_DATA PROVIDED_:
┌──

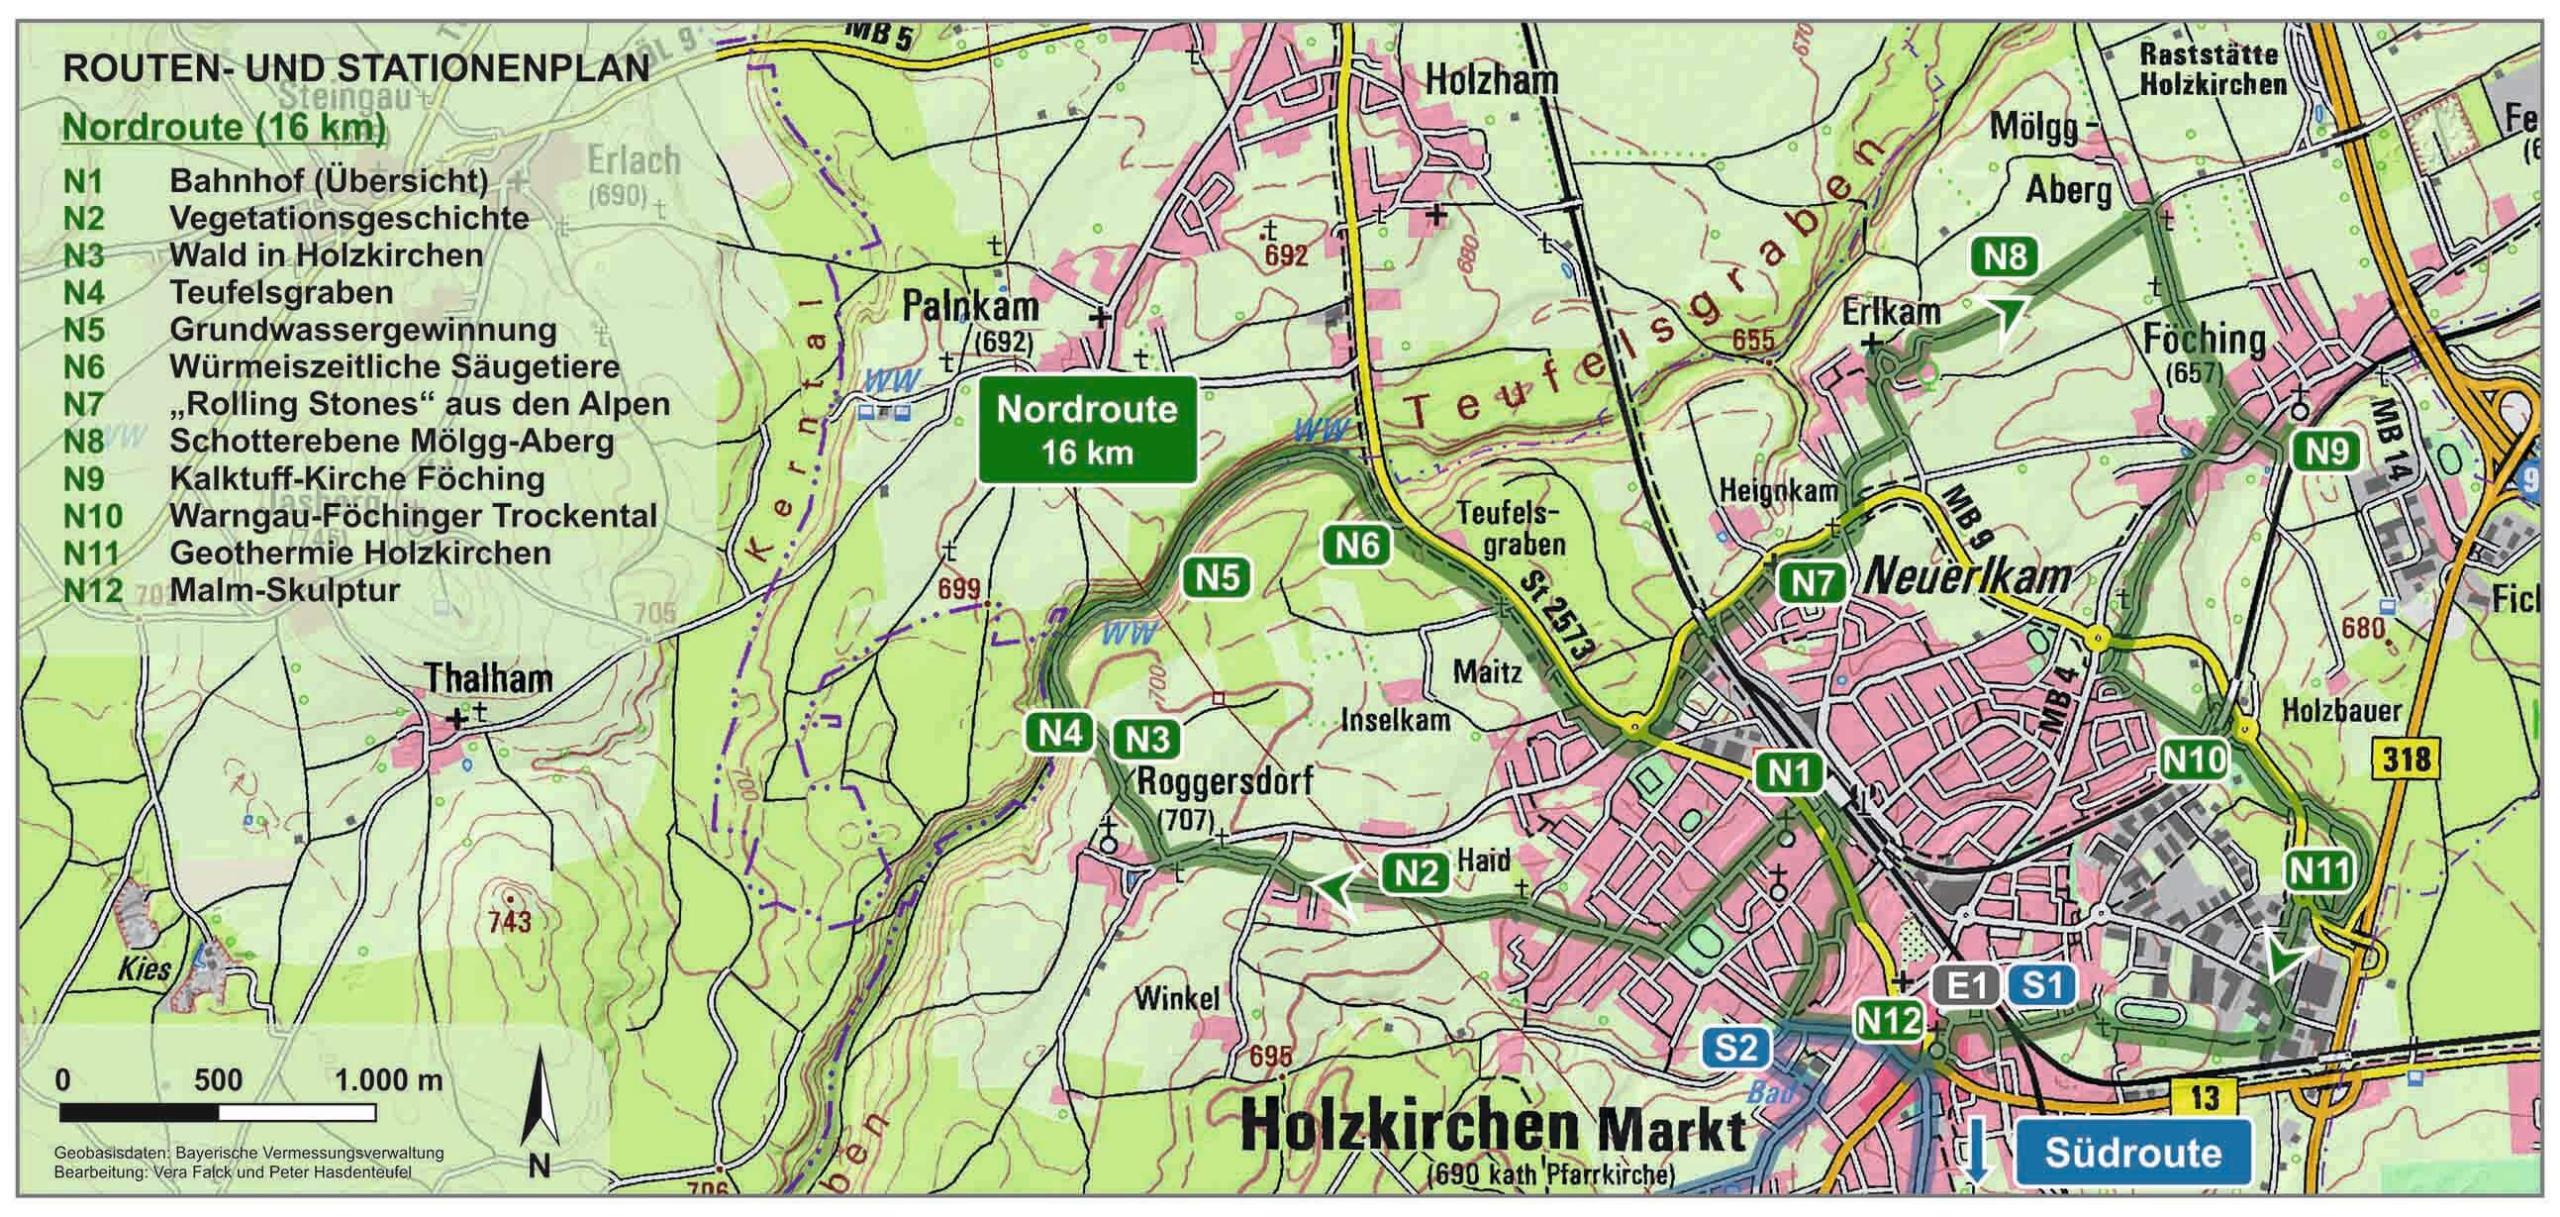 Nord_Routenkarte
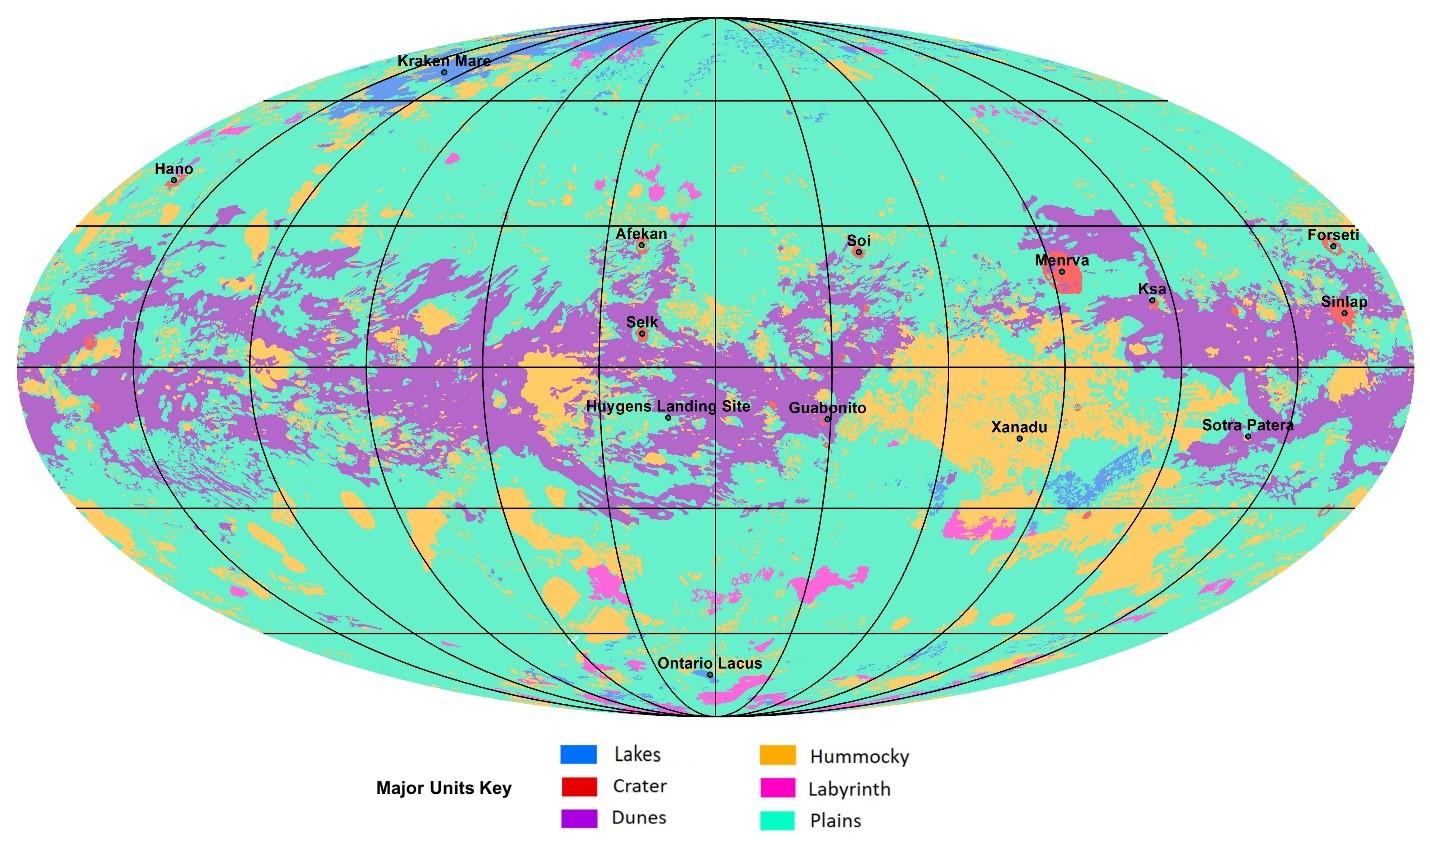 El primer mapa geológico global de Titán se basa en imágenes de radar y luz infrarroja de la misión Cassini de la NASA, que orbitó Saturno de 2004 a 2017.
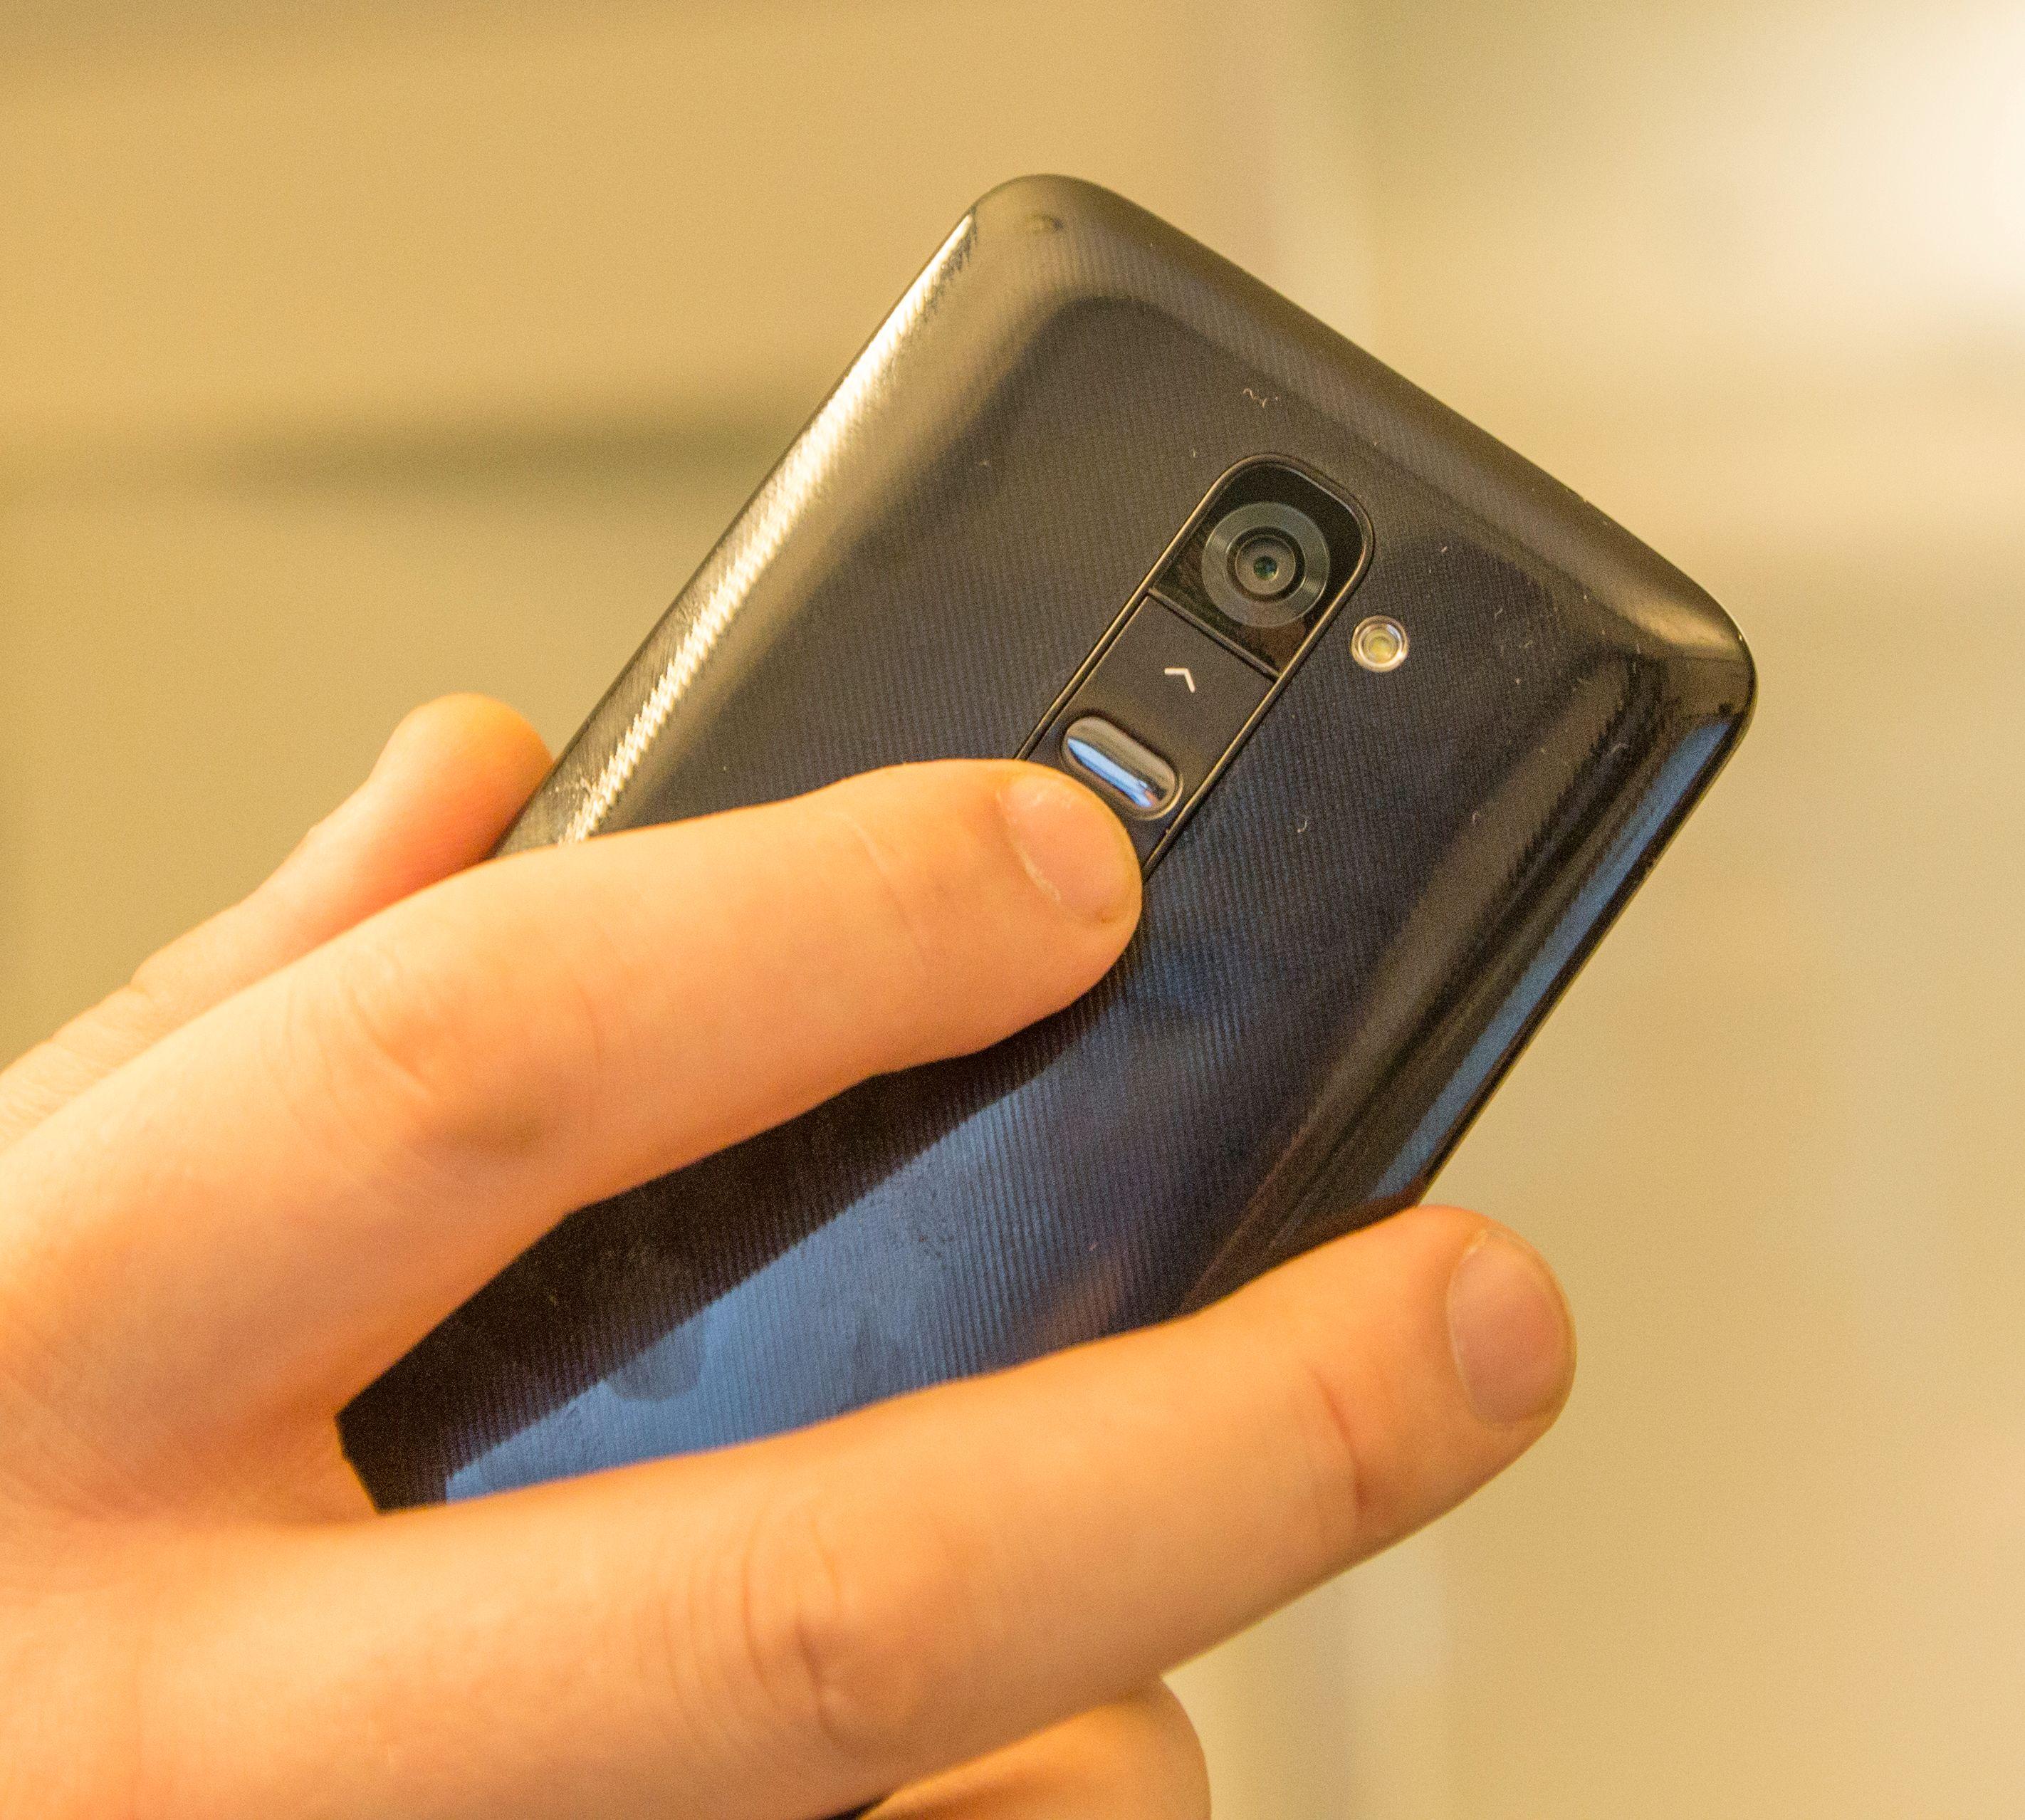 Knappene på baksiden skal gi en mer naturlig måte å bruke telefonen på. Det var det delte meninger om i redaksjonen. Uansett dreier dette seg først og fremst om vane.Foto: Finn Jarle Kvalheim, Amobil.no

└──

_YOUR INSTRUCTIONS_:
Exclude every picture and copy the remaining data exactly.

_RESULT OF THE EXERCISE_:
 Nord_Routenkarte
 El primer mapa geológico global de Titán se basa en imágenes de radar y luz infrarroja de la misión Cassini de la NASA, que orbitó Saturno de 2004 a 2017.
 Knappene på baksiden skal gi en mer naturlig måte å bruke telefonen på. Det var det delte meninger om i redaksjonen. Uansett dreier dette seg først og fremst om vane.Foto: Finn Jarle Kvalheim, Amobil.no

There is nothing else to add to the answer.